*Work item*: Look below for the line containing "Summit to celebrate." and the line containing "Women's or Men's"; repeat exactly those two lines and all lines between them, and nothing else.

*Listed records*:
▽

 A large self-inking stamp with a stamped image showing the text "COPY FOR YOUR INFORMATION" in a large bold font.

△
▽

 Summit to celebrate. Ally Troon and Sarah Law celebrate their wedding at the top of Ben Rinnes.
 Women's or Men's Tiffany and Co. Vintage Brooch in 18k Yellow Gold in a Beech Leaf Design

△
▽

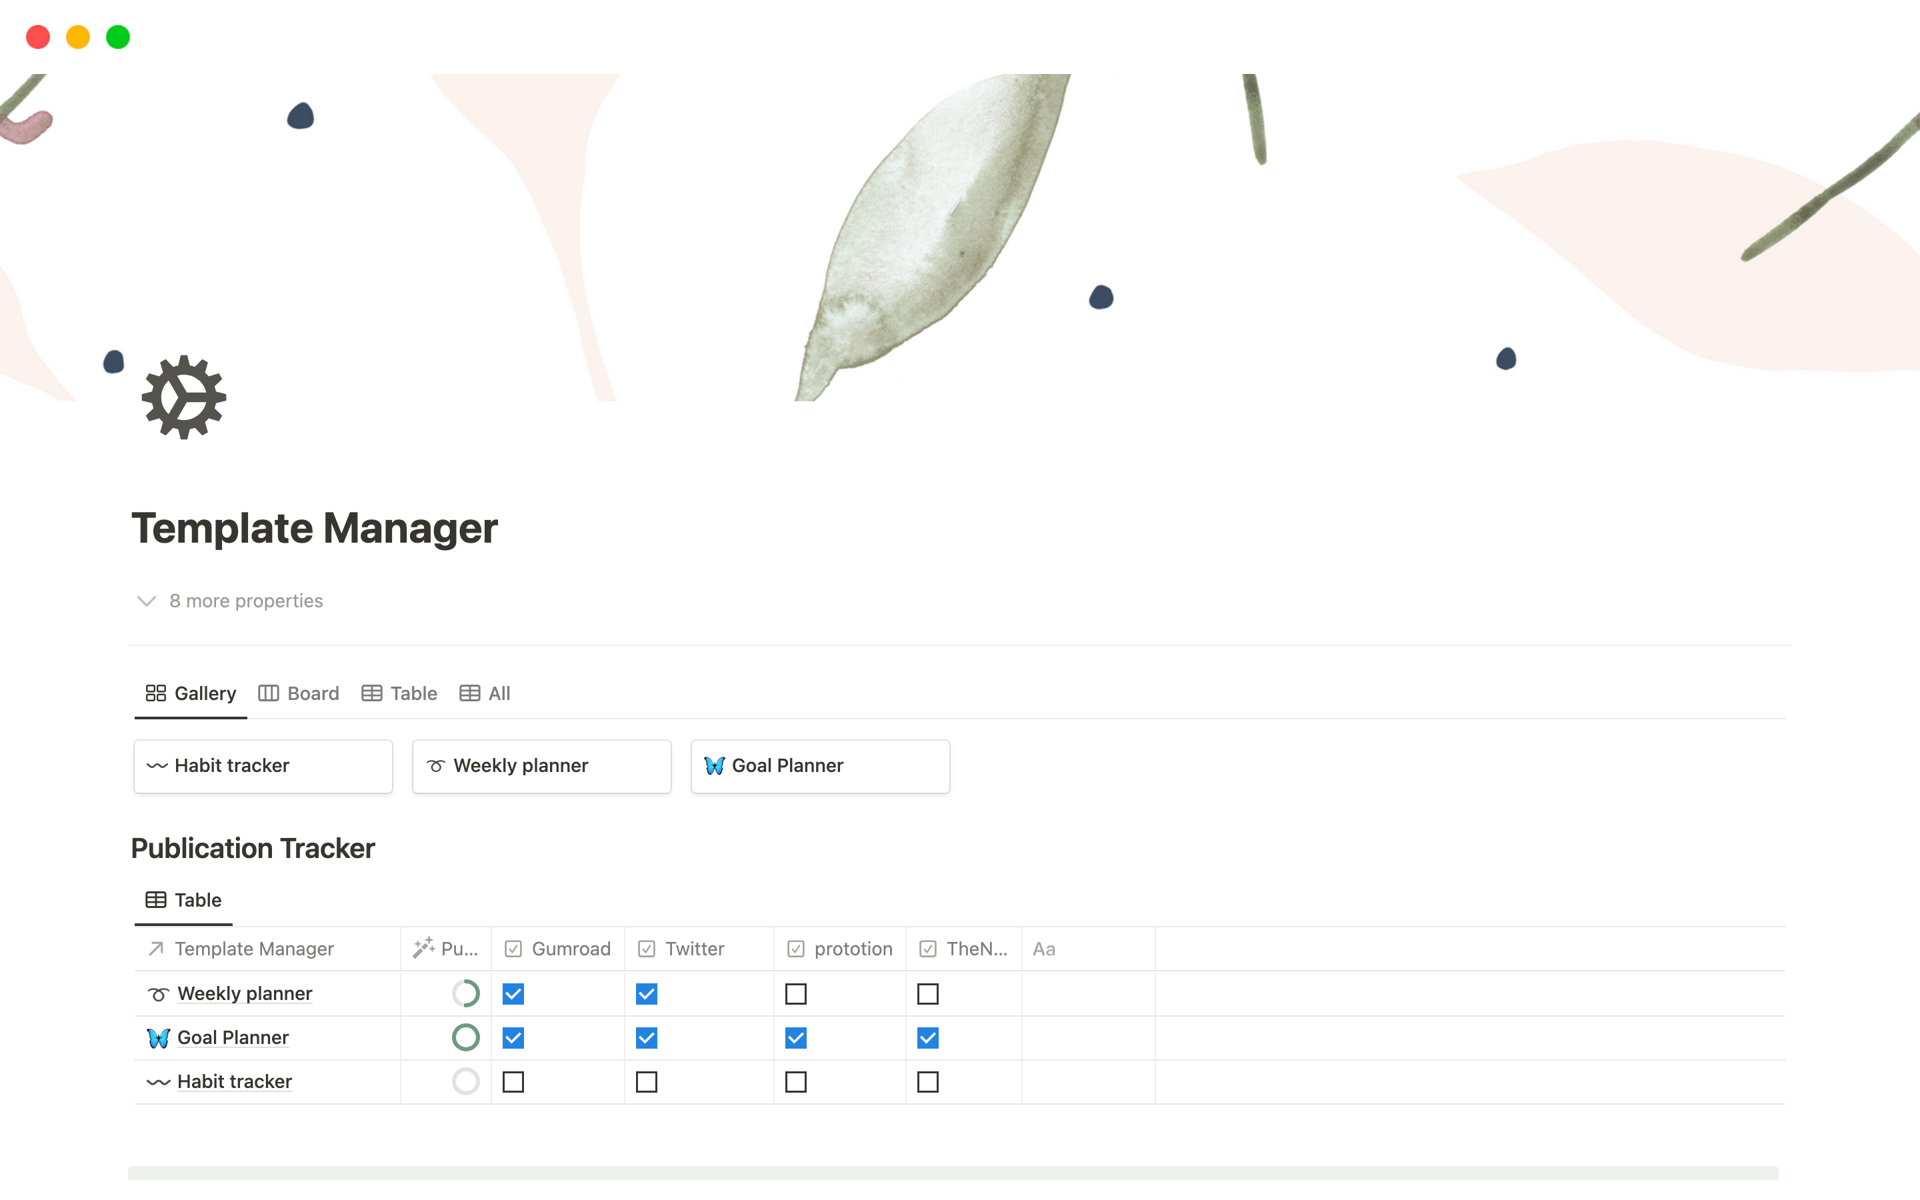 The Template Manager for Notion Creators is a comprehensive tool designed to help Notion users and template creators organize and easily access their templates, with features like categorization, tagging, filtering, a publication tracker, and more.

△

*Solution to the problem*:
 Summit to celebrate. Ally Troon and Sarah Law celebrate their wedding at the top of Ben Rinnes.
 Women's or Men's Tiffany and Co. Vintage Brooch in 18k Yellow Gold in a Beech Leaf Design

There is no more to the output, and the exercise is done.